(Brief) Restate all the data word for word and omit the pictures.

(Supplied information)
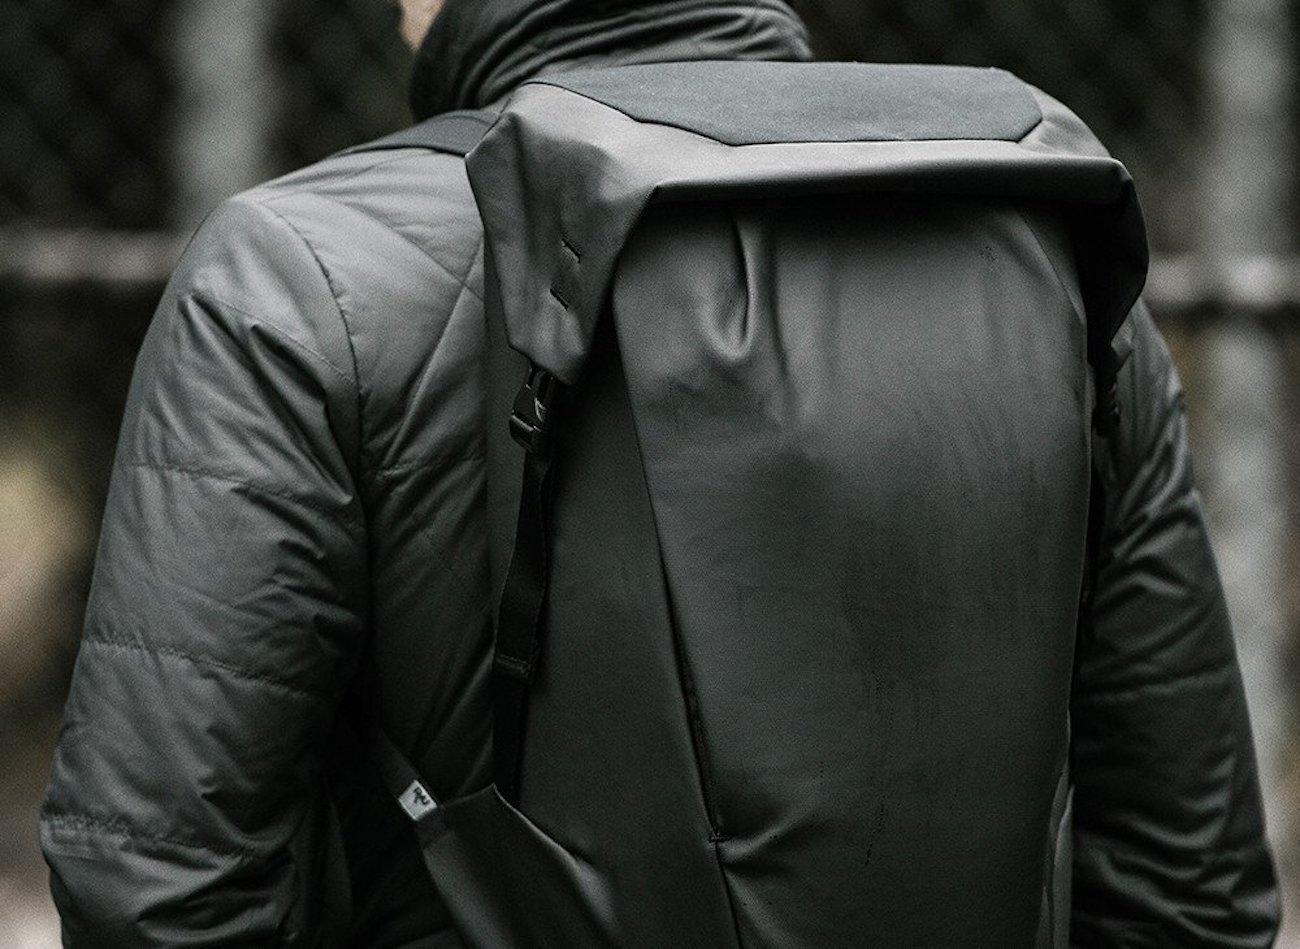 Locker+Pack+Backpack+By+RYU
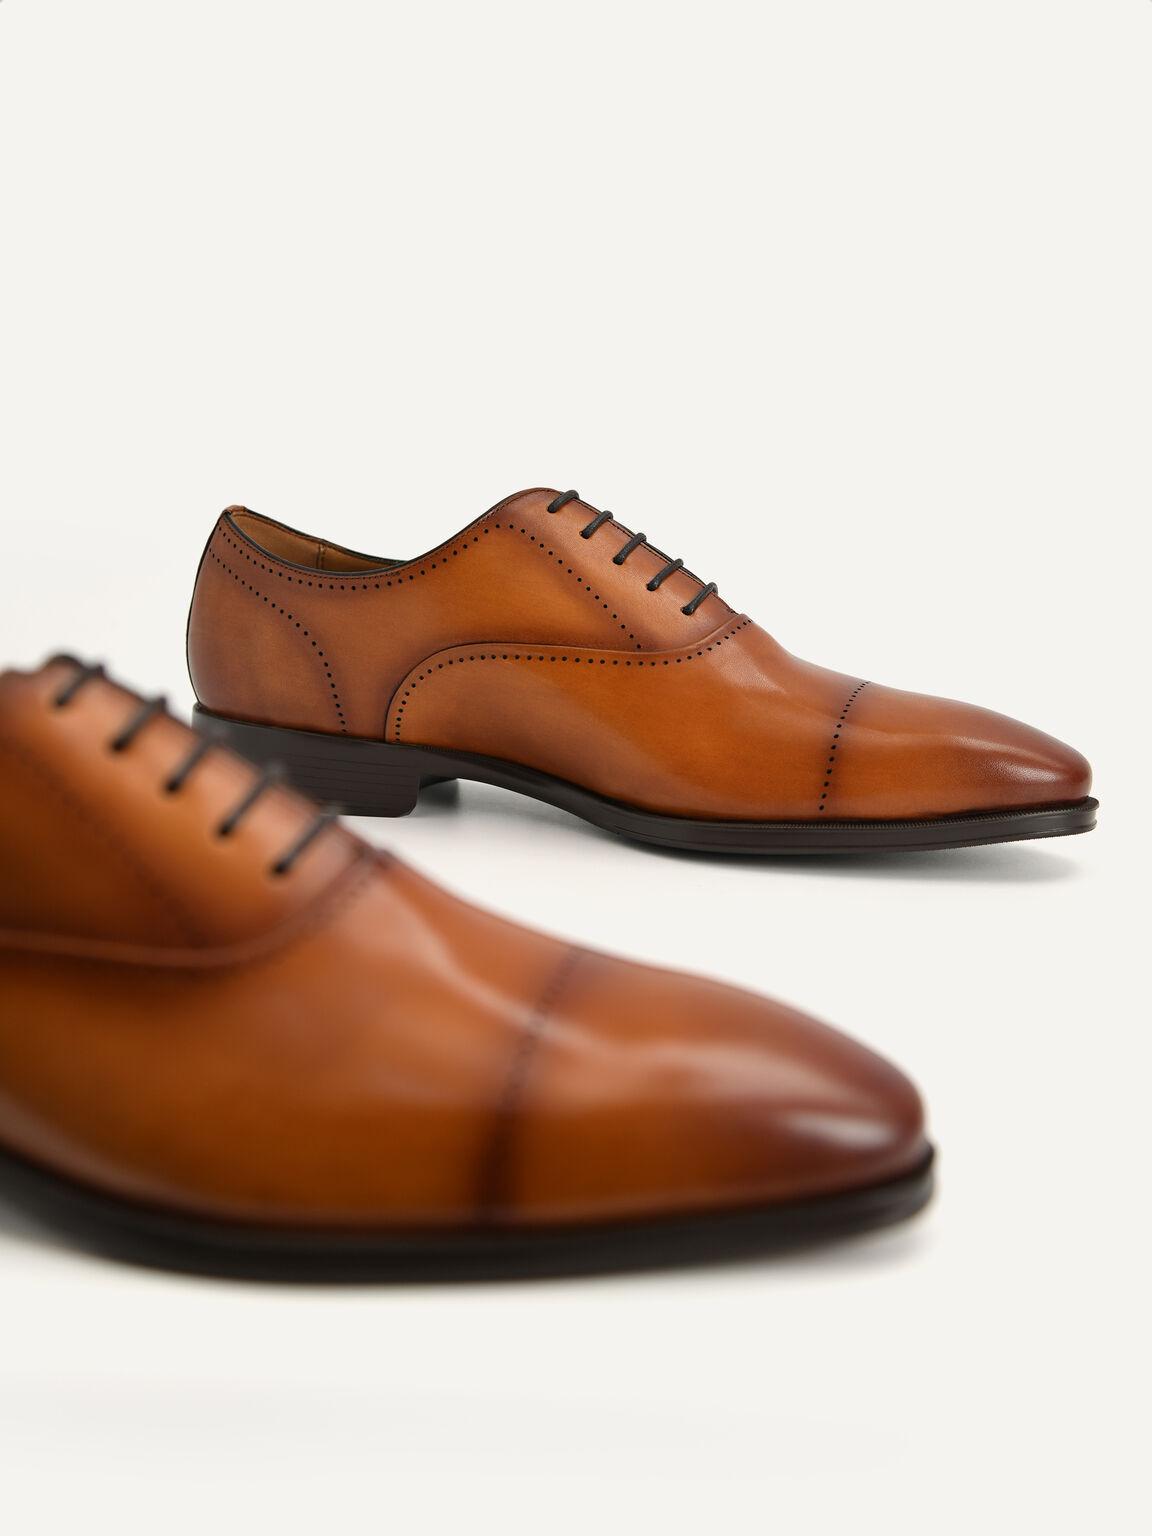 Leather Oxford Shoes, Cognac, hi-res
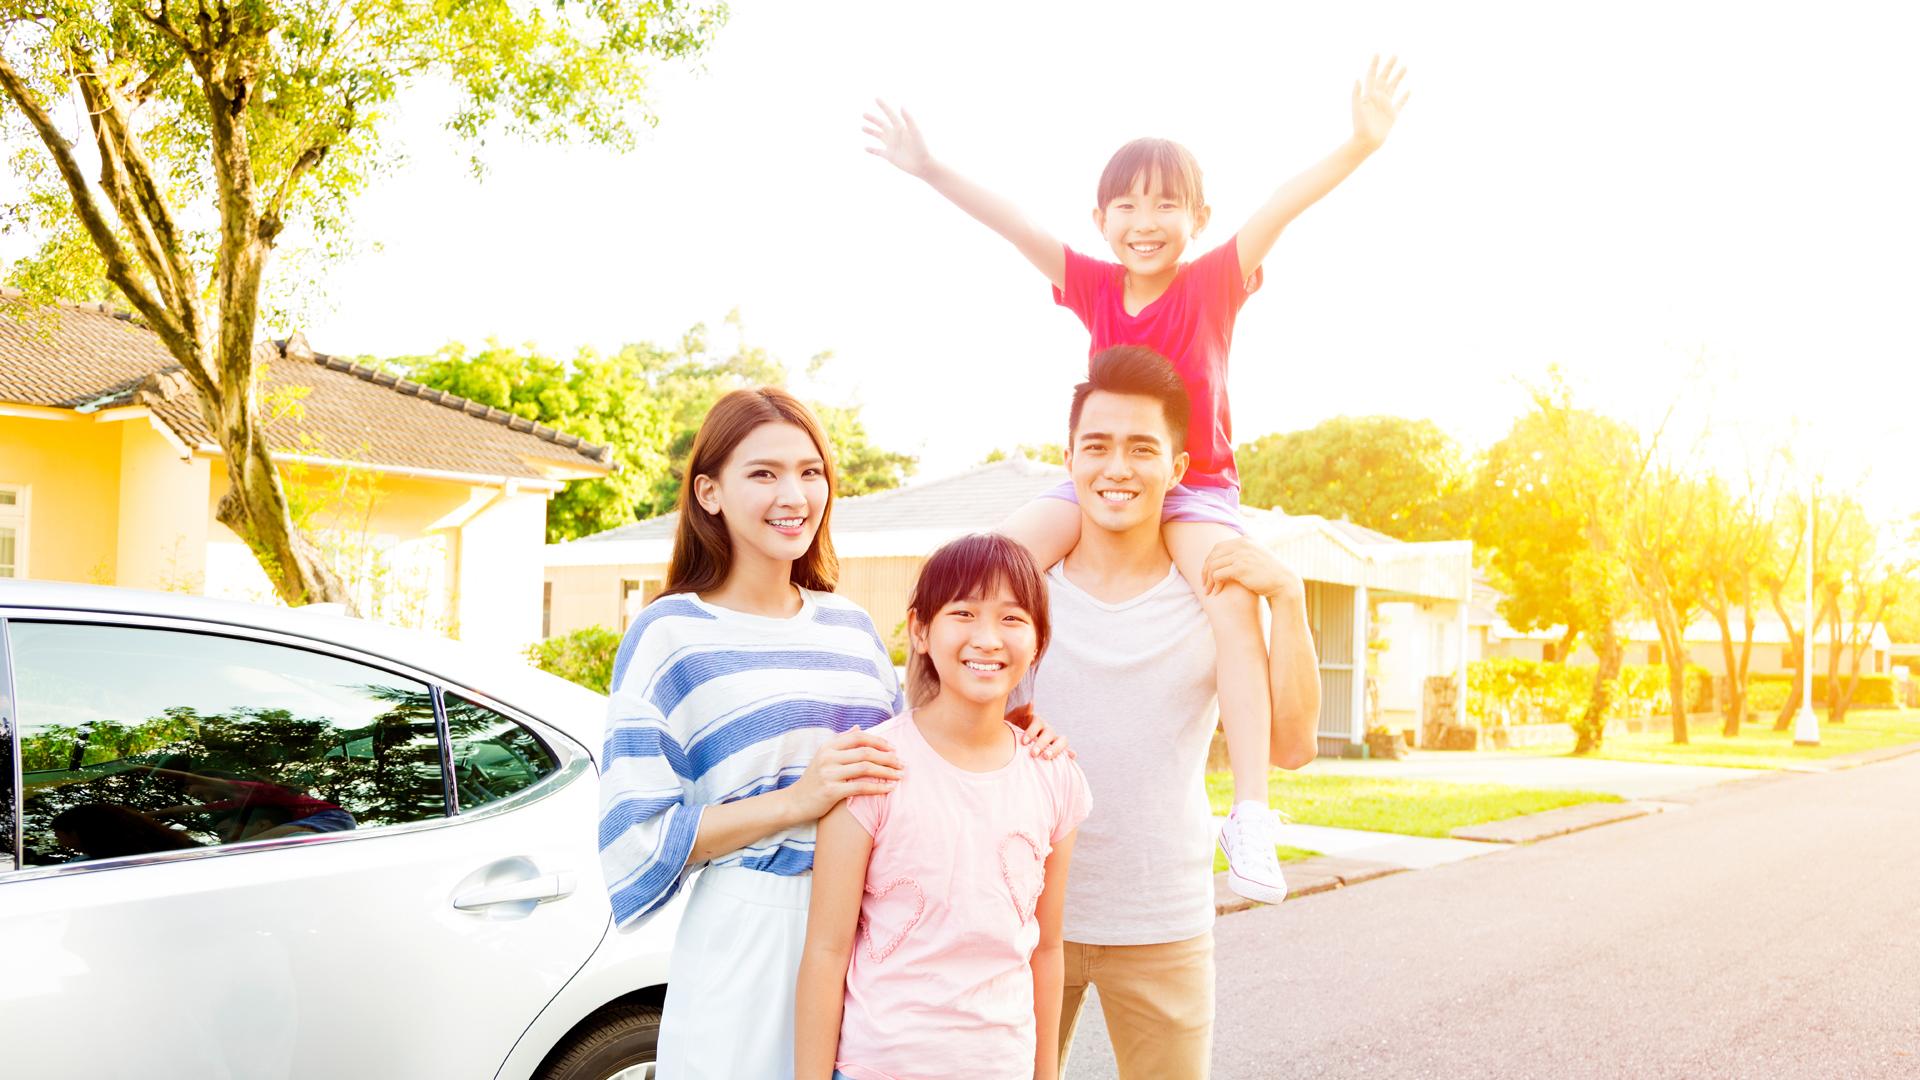 Nhiều người lựa chọn chia sẻ kì nghỉ ALMA cho các chuyến du lịch gia đình

(Reply to the exercise)
 Locker+Pack+Backpack+By+RYU
 Leather Oxford Shoes, Cognac, hi-res
 Nhiều người lựa chọn chia sẻ kì nghỉ ALMA cho các chuyến du lịch gia đình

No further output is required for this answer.